Saeed Taji Farouky has carved out something of a reputation for directing and producing documentaries that are visually arresting and pack a punch. Tunnel Trade (2007), about Gaza's illegal underground smuggling economy, was nominated for a Rory Peck Award, while The Runner (2013), about an activist and athlete from Western Sahara, garnered high praise and was a finalist in the Social Impact Media Awards. Tell Spring Not to Come This Year is a co-production with Michael McEvoy.

When NATO troops withdrew from Afghanistan in 2013 the Afghan National Army (ANA) took over control of Helmand Province, where they endure frequent attacks from Taliban fighters.
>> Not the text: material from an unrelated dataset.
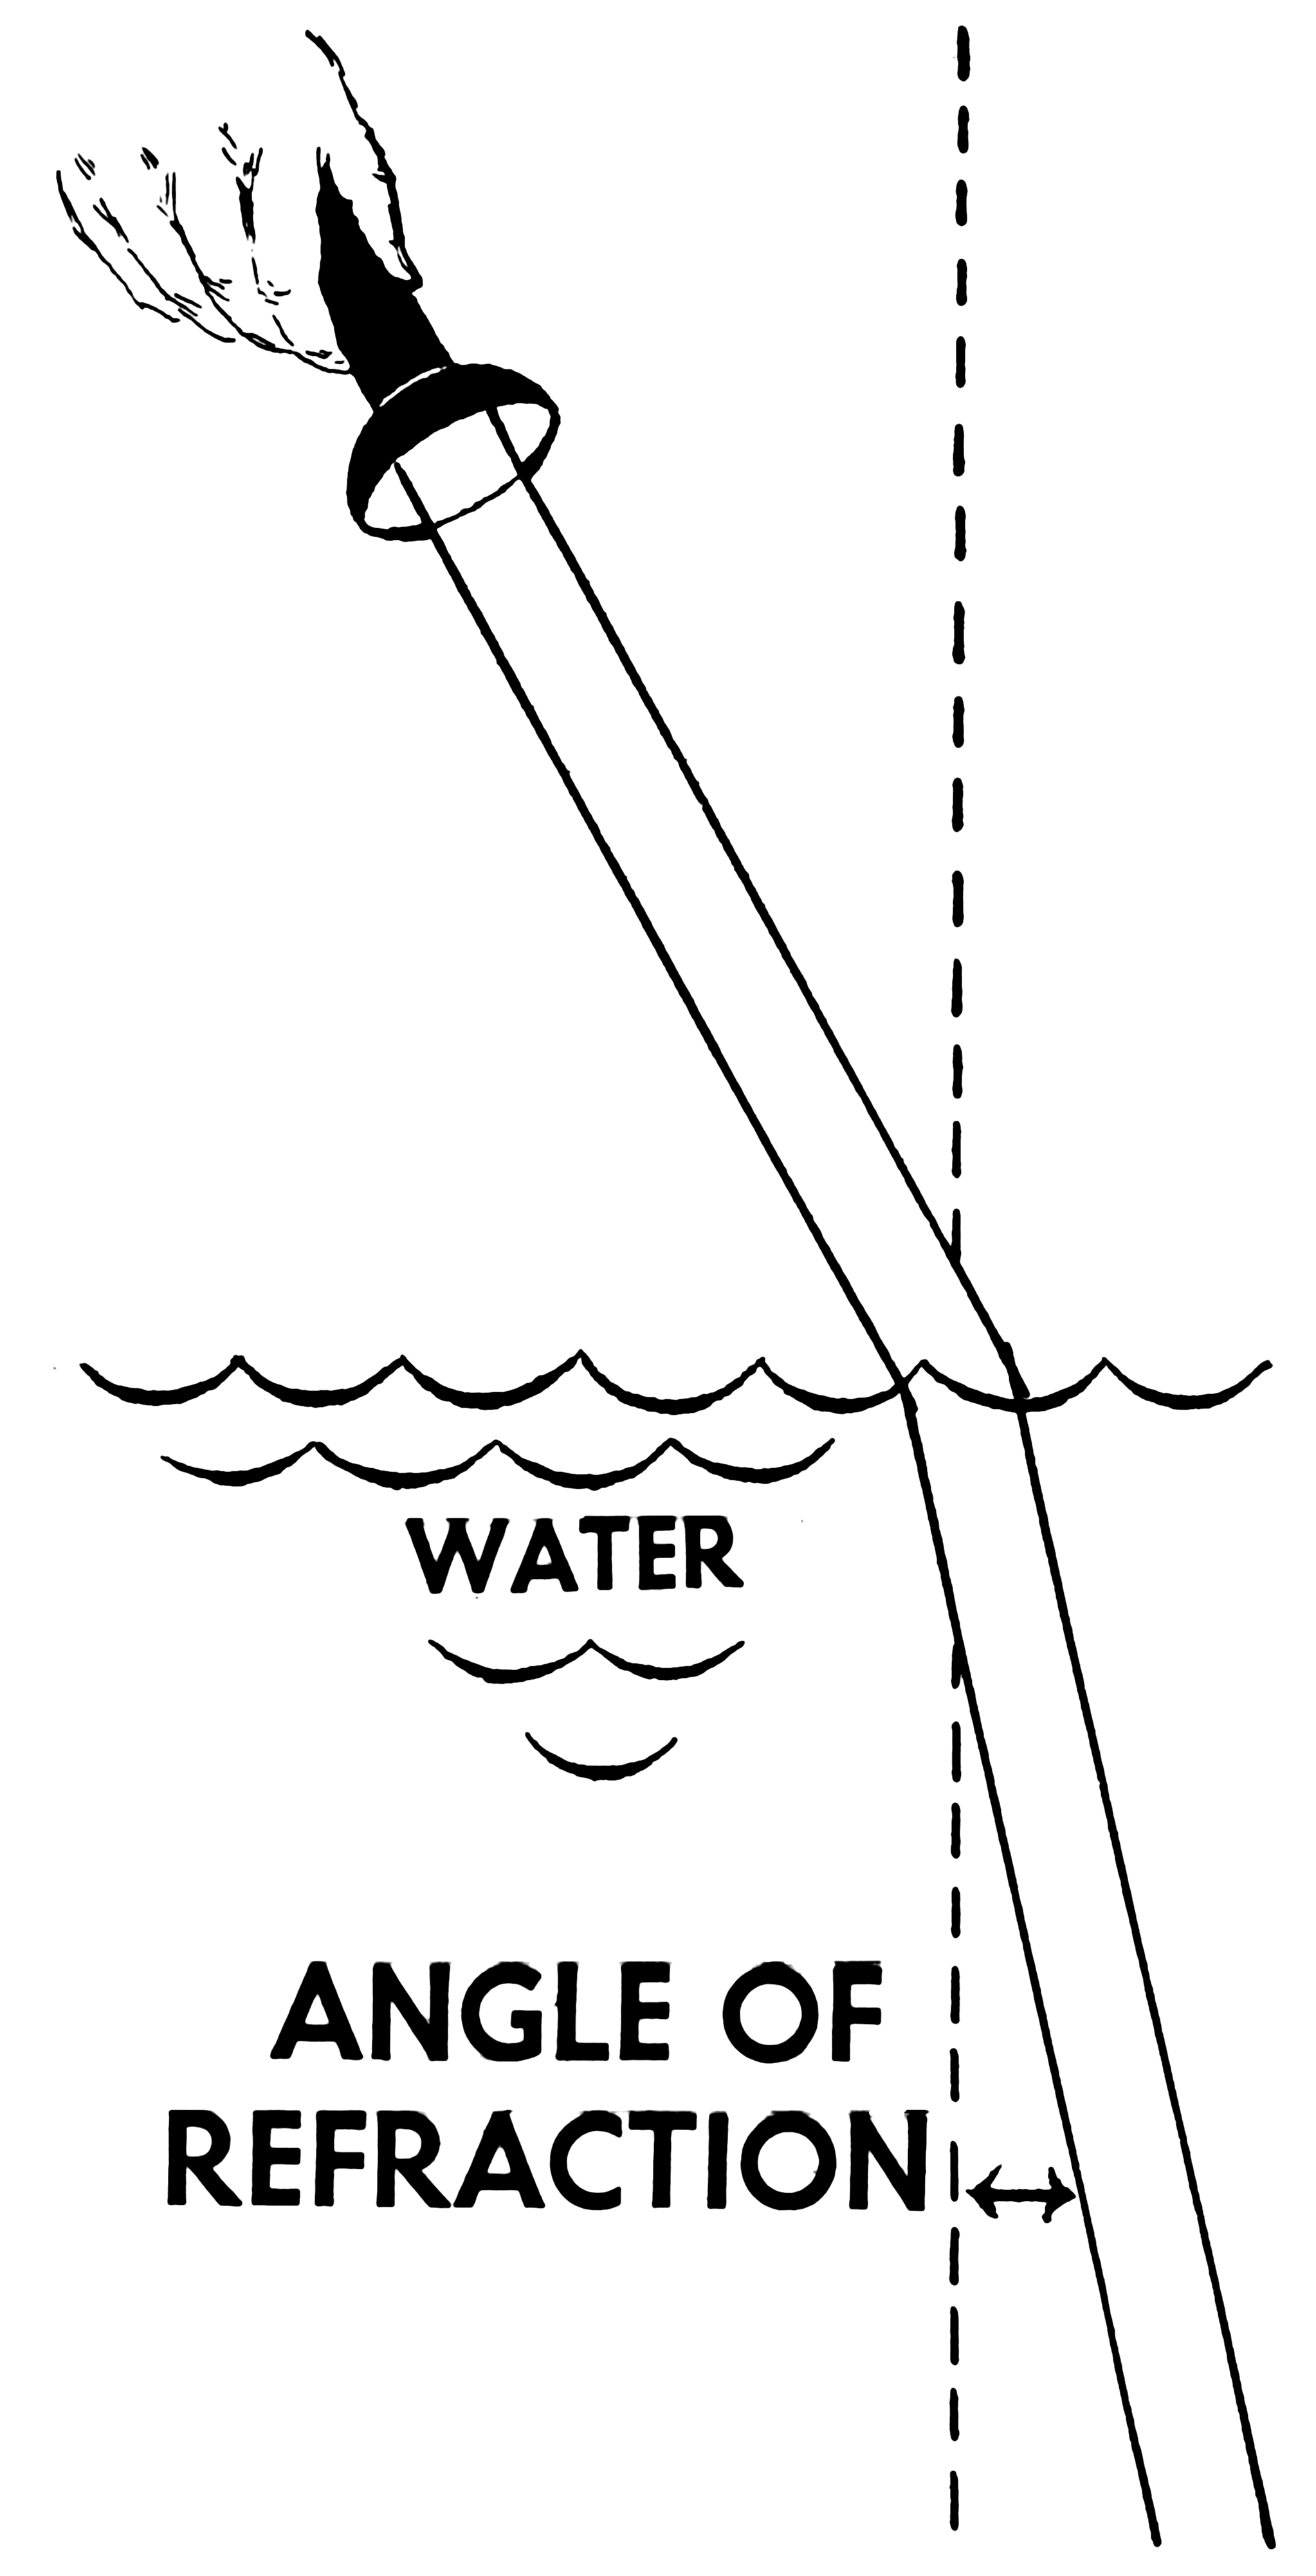 Angle of Refraction Definition Image
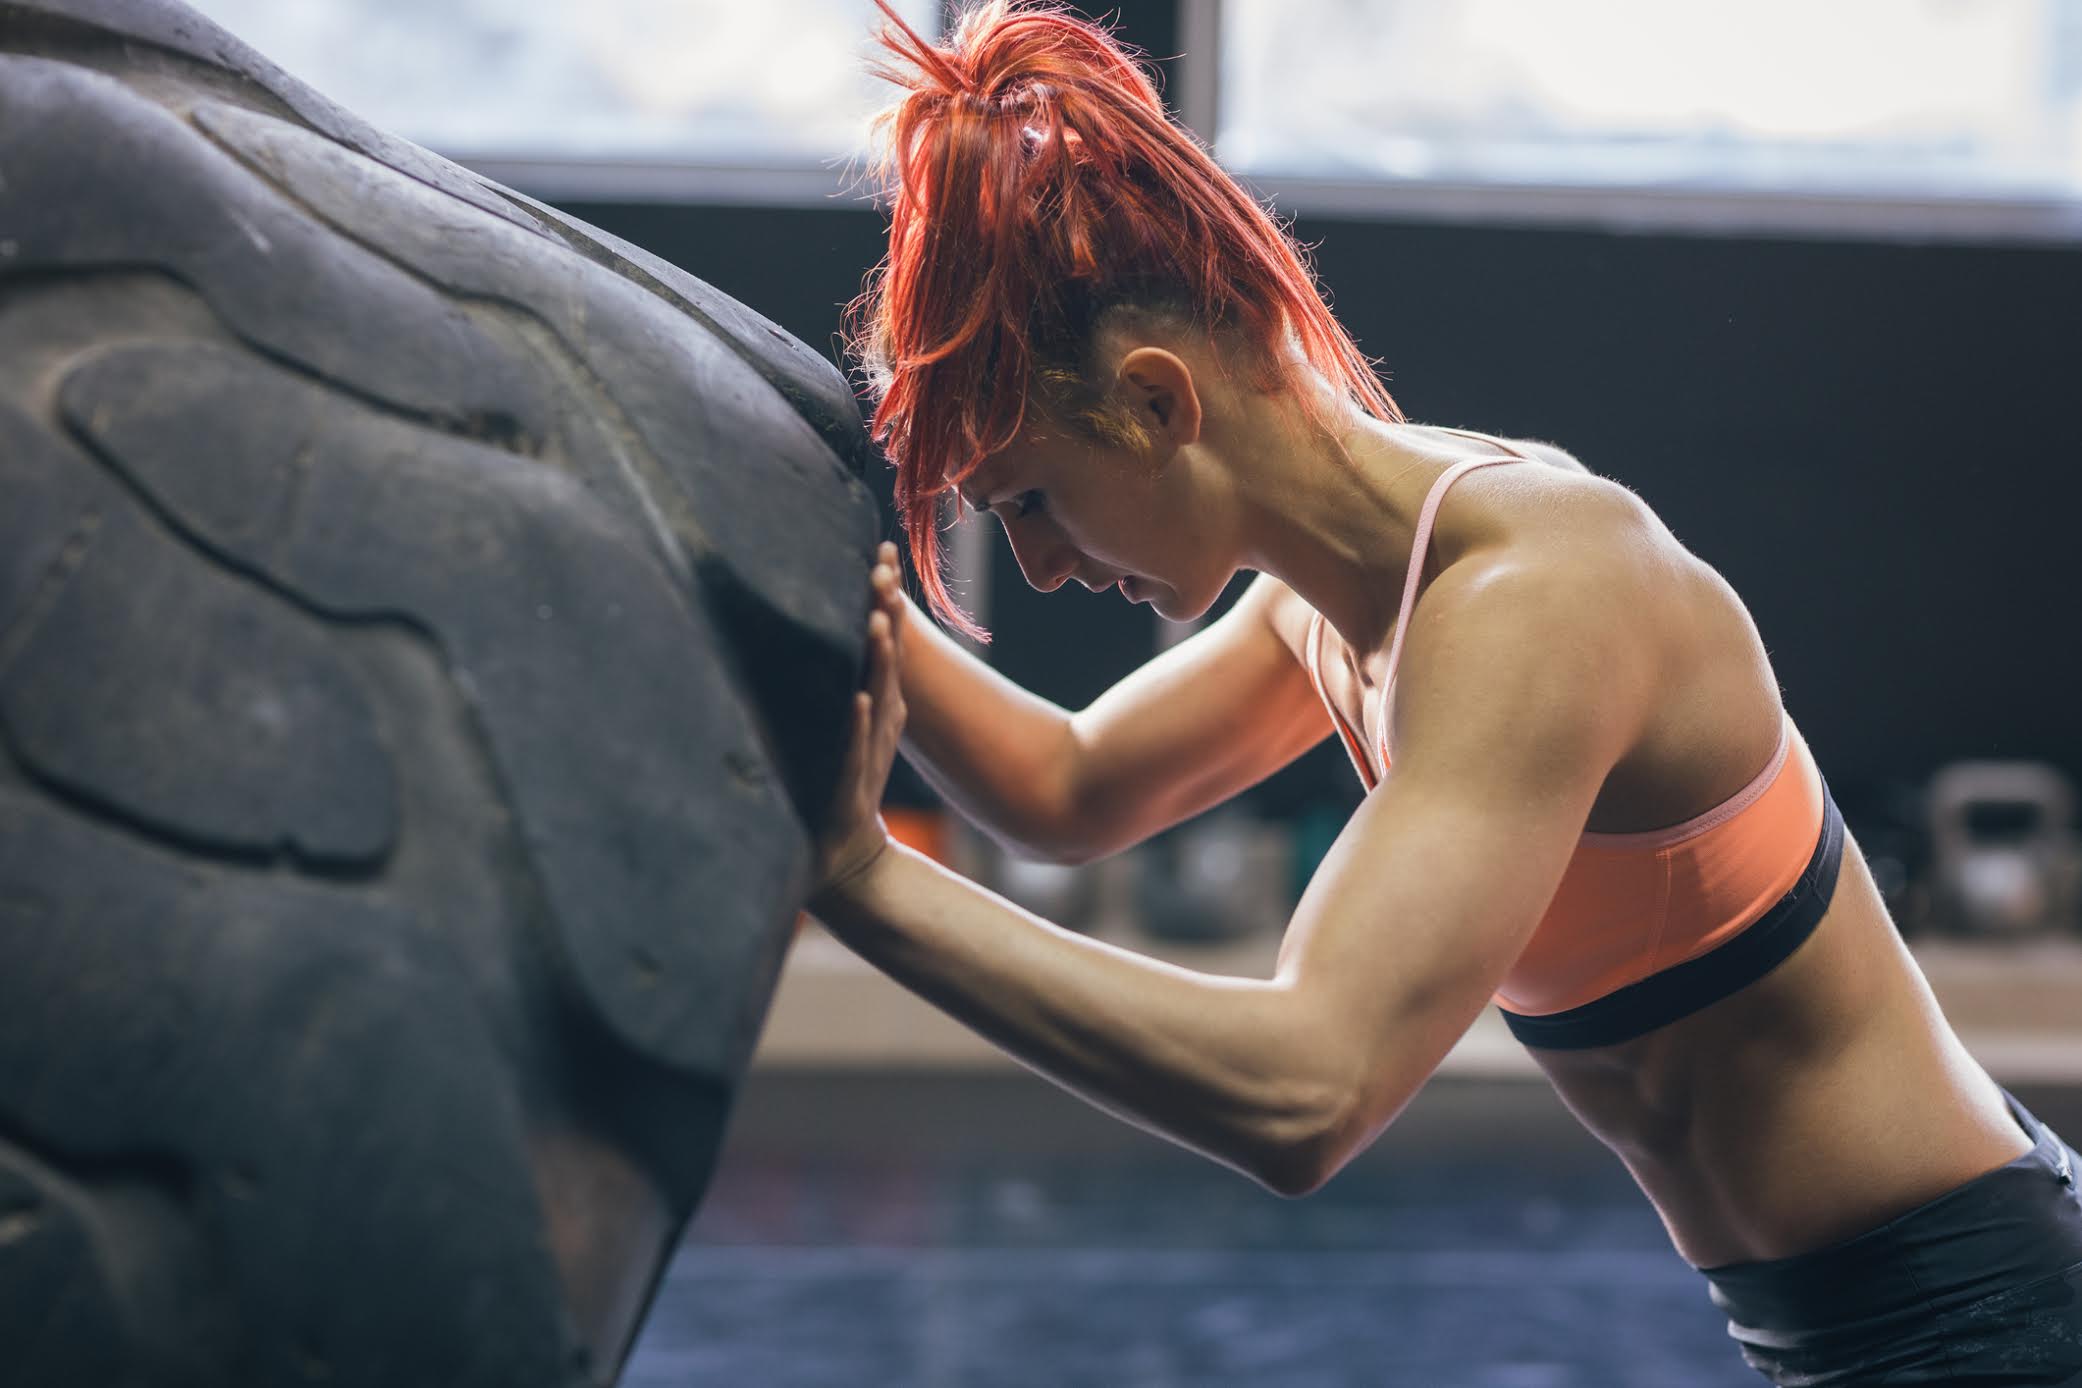 The psychology behind building a revenge body

The previous year McEvoy had worked with the British Army in the region and he wanted to document what it was like for the ANA after the foreign forces left. Farouky and McEvoy were embedded with an ANA unit over the course of a year and their film follow the fortunes of the soldiers and, in particular, Cmdr. Jalaluddin and Pvt. Sunnatullah. The soldiers have mixed feelings about the withdrawal of NATO troops. Some are relieved and are keen to defend their own land. Others feel abandoned and are concerned that they don't have the right equipment and that they have been deserted at a particularly difficult time. Most feel a bit of both. Farouky captures the soldiers' daily existence on the army base; the cramped dormitories, the table tennis, the phone calls home, the camaraderie and the shared laughter.

For many ordinary Afghans living in poverty, joining the army offers them the opportunity to better themselves, to earn a regular income and support their families back home. So it is all the more shocking when we learn that they have not been paid their salary for nine months. Over-burdened administration, complex bureaucracy, willful mismanagement or embezzled funds? It's never made clear. What is evident is the men's courage as they attempt to keep the peace and come under fire. Their fear is often palpably caught on Farouky's camera. The bravery of Farouky and McEvoy is also evident when they are filming dangerous operations or when they are shot at as they follow the soldiers in retreat. In one telling scene, we hear the ragged breath of the cameraman as he runs after the soldiers under fire. When he reaches the safety of the vehicle sent to pick them up, the men's adrenalin is palpable. The camera is immediately trained on one of the soldiers - the look of fear and relief on his face is a frank projection of the cameraman's own.

It's this humanity that keeps us engaged throughout. Farouky captures the beauty of the landscape, despite the ravages of war, and he recognises the importance of the small moments that linger with you - the soldiers' care for the Mynah bird that makes the barracks its home, for instance, or Jalaluddin's love of literature. The film's title comes from a poem by Khaliullah Khalili, which Jalaluddin recites. As well as giving ordinary Afghan soldiers a voice, Tell Spring Not to Come This Year offers a valuable window on the reality of life in the ANA, amply illustrated by the distrust of villagers caught between the Taliban and the army, and the desire of the soldiers to rebuild their country and earn a decent living.